Community The War on Women: Who tells women what to wear on a...

    The War on Women: Who tells women what to wear on a run?


    Imagine this. It’s a beautiful summer day. It’s 30C outside. Humidity of 85%. The sun is beating down on you. You’ve picked your outfit, you’ve lathered on the sunscreen, and you head out the door. 

    Now pause. Take a moment here to imagine your outfit and the people you run with. What do you see? I see a mix of men and women. I see various lengths of shorts, mostly on the shorter side of things. I see hats. I see sunglasses. I see bare chests (men) and sports bras (women), maybe some tanks, definitely no tees. It’s the kind of day where to really get into your zone you will need to feel as cool as possible.

    Now picture this. You are at your place of practice. You are spinning laps with your teammates. Someone walks out to the women and demands that they leave because the sports bras the women are wearing are interrupting the concentration of a team that is practicing on the infield.

    I would love to say that this is a fictional tale, well more like a fictional nightmare, but it is reality. And no, it’s not reality that I dug up from a lifetime ago, it is reality right now for the women of Rowan University Cross-Country Team.

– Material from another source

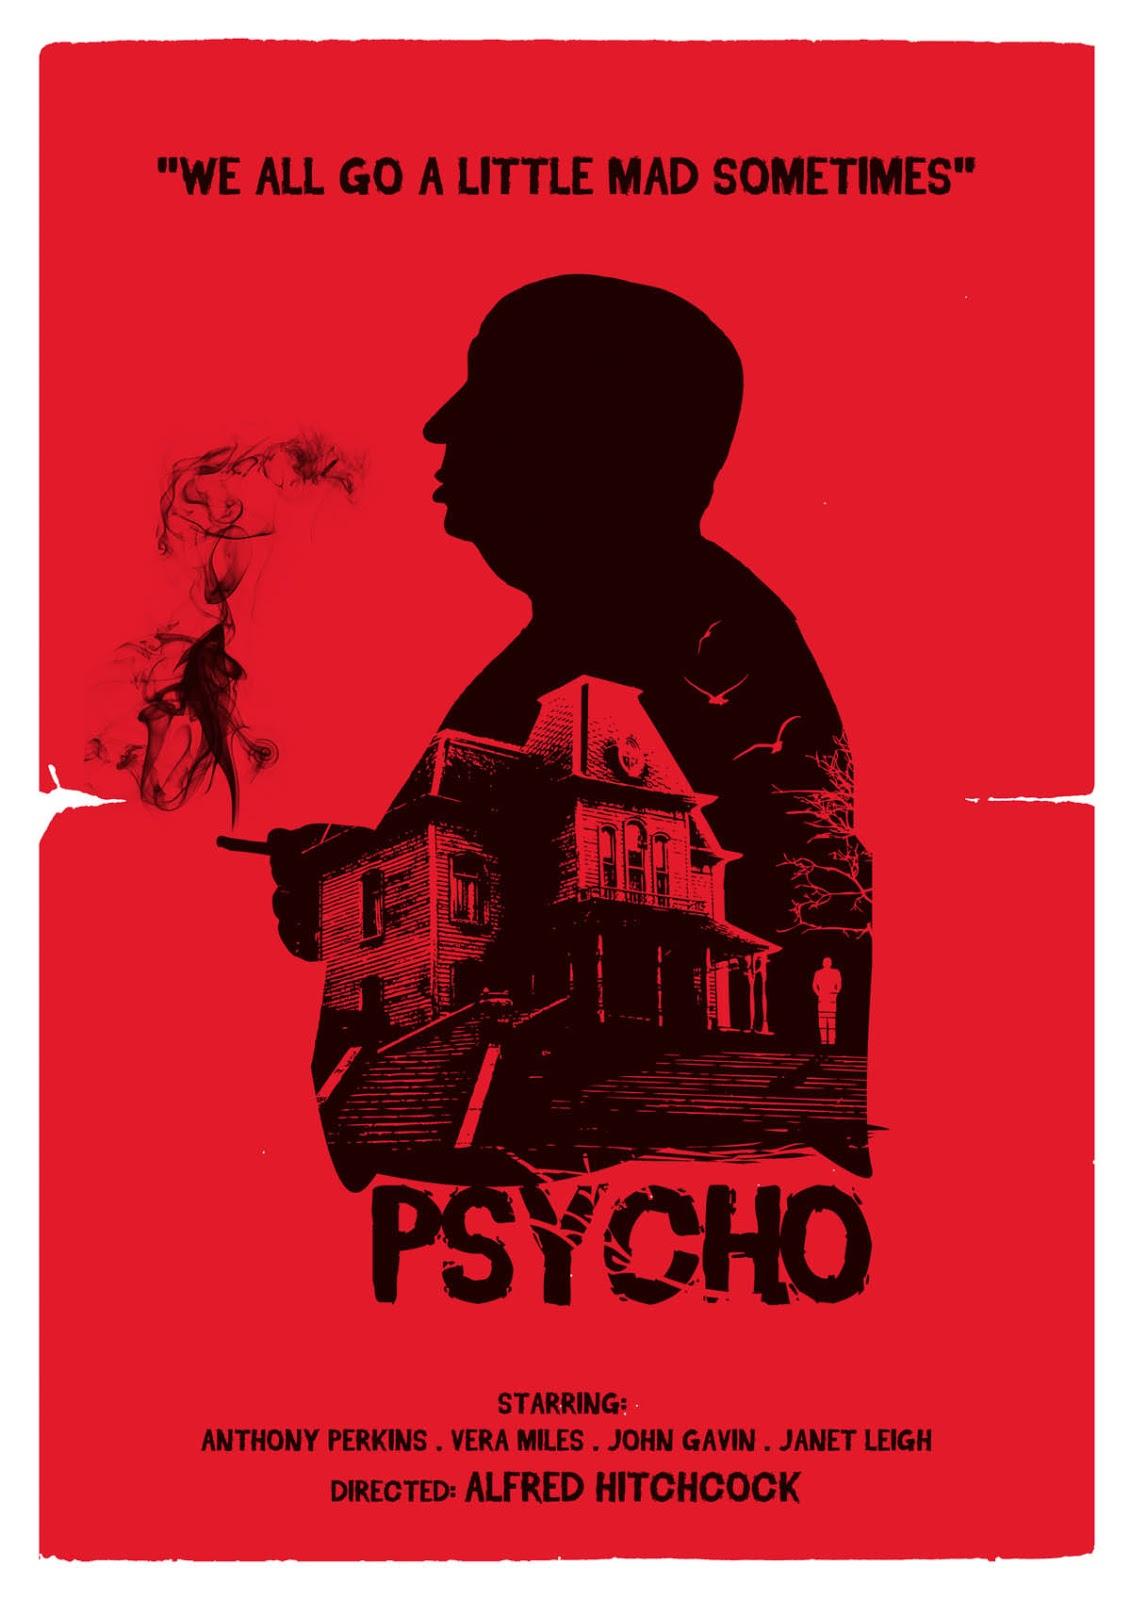 Hitchcock's 1960 'Psycho' film analysis

    The cross-country team has been banned from using the track during football practice, not because a flying football might present a hazard but because the women running in sports bras are too distracting for the men’s football team.

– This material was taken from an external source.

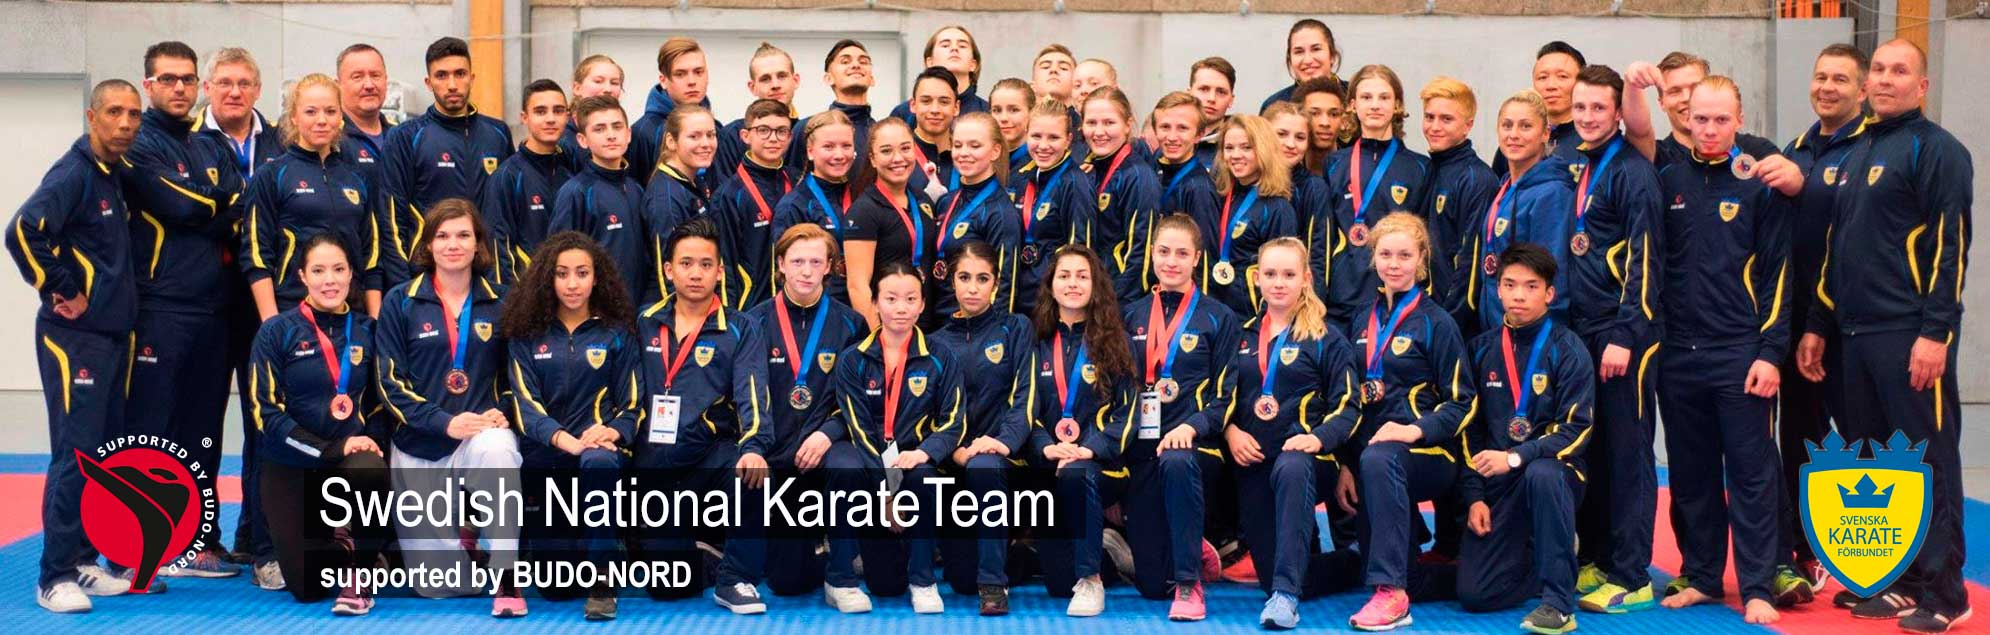 Swedish National Karate Team

    Some would say this is rape culture talking, others would argue something different. What I think we can all agree on is that it is no one’s place to tell us what we are to wear or not wear when running.

    In 2011 I was subjected to something similar at the University of Toronto; we were told that when running on the outdoor track we were to be in ‘appropriate athletic attire.’ Apparently “appropriate athletic attire” included wearing a shirt. Thankfully this was not as a targeted women’s issue, but an issue across both sexes; you would be mid workout, drenched in sweat, and a facility person would walk up to you, state ‘you are not wearing appropriate athletic attire,’ stand there until you donned a shirt, and then walk away. Thanks to the Sweat Science of Alex Hutchinson we were able to defend our position to have this rule over-turned.

    Last December I put together an issue with iRun on this very issue, that running is for every body. The elite runners may have made the crop-style racing tops popular, but it’s amazing to see everyone out there racing in this style of top. The science supports that wearing something that allows us to sweat is important, not only are these tops trendy and comfortable, but they are also empowering.

    Stand with me and say ‘not today Rowan University.’ Stand with me and say ‘I demand equity, equality, and diversity.’ Stand with me and say ‘I support the Rowan Cross Country Team.’ Women I ask you to post pictures of yourself in your crop top, men without a shirt on. Together we can fight the good fight and support women’s rights.

    [Editor’s note: since this issue became news, the university issued this response.]


    1. Wow, really? I could understand if the girls/young women’s age in question was under 18, but at University that is crazy. It really speaks volumes about the lack of mental discipline of the football coaches and players if they can’t stay focused on their own active.

    2. How are these running tops any different than a bathing suit top? If the football players are too distracted during practice, I would think the practices aren’t tough enough.